I have a recurring sensation that vasts swaths of mathematics and logic in the academic literature are more complicated than their underlying ideas, which while extermely abstract are in the end quite simple.

From this sensation, I have a fear…
I fear that to learn some of the schemes (ways to explain and think about the abstractions) found in the literature I end up crippling my ability to fully realize the simplicity which I seem to understand intuitively.

In the moments before before having fully understood the abstraction I still have an intuition about them. In a certain way, I already understand them but do not know how to communicate with others about them. I consider that this is the main thing that I’m learning; the knowledge surrounding the abstract concepts. Knowledge which has been accrued by tens of thousands of thinkers over many hundreds of years.

I consider knowledge distinct from understanding. For knowledge concerns communication with others wheras undesrtanding is personal and concerns doing or comprehending. In the case of abstractions which exist in language, I consider comprehension (fully realized undesrtanding) akin to perception with the ability to manipulate (or otherwise interact) with the understood abstractions.

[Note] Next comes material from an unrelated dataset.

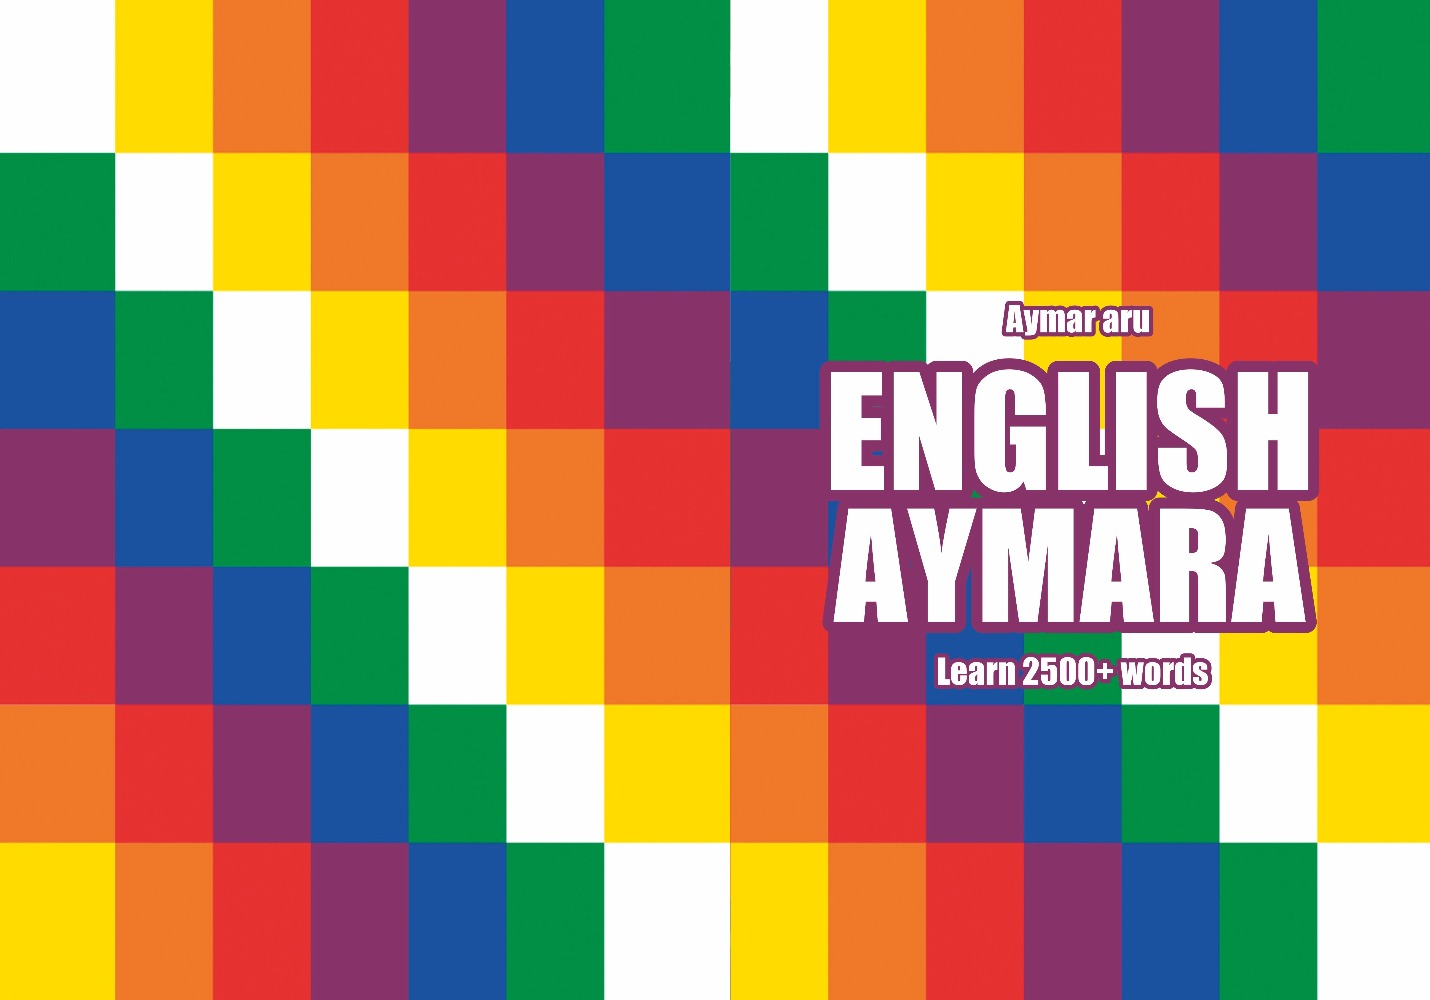 Aymara language learning notebook cover

And so my motivation for absorbing knowledge is to communicate with others and coordinate ourselves in regards to our collective use of the abstractions which I have learned to percieve.

In my fears, the most likely mechanism by which knowing how to talk about something will diminish my capacity to remember its simplicity hinges on a soft phenomenon: That because I have learned the languages I won’t feel a need to make them any simpler. That in the time I spend learning these langauges (and making them simpler?), life will run me by.

And with the paranoia that these langauges (schemes of knowing) are intentionally designed to resist my own desire to make them simpler; futher, sometimes (when tired or frustrated) I think they’re purposely obfuscated.

However, I undesrtand that it’s more likely that the pioneers who first made such schemes of knowing (which perhaps once fully comprehended turn into perception) could not do anything better, after all it’s easier to create complexity than something simple and elegant. Usually, it seems to me, a complicated idea gets simpler by later iterative refinement.

I have a sense that the more objective mechanism by which overly complex ways to explain persist is better explained in terms of incentives.

What is my incentive to refine a simple way to understand something I already managed to grasp?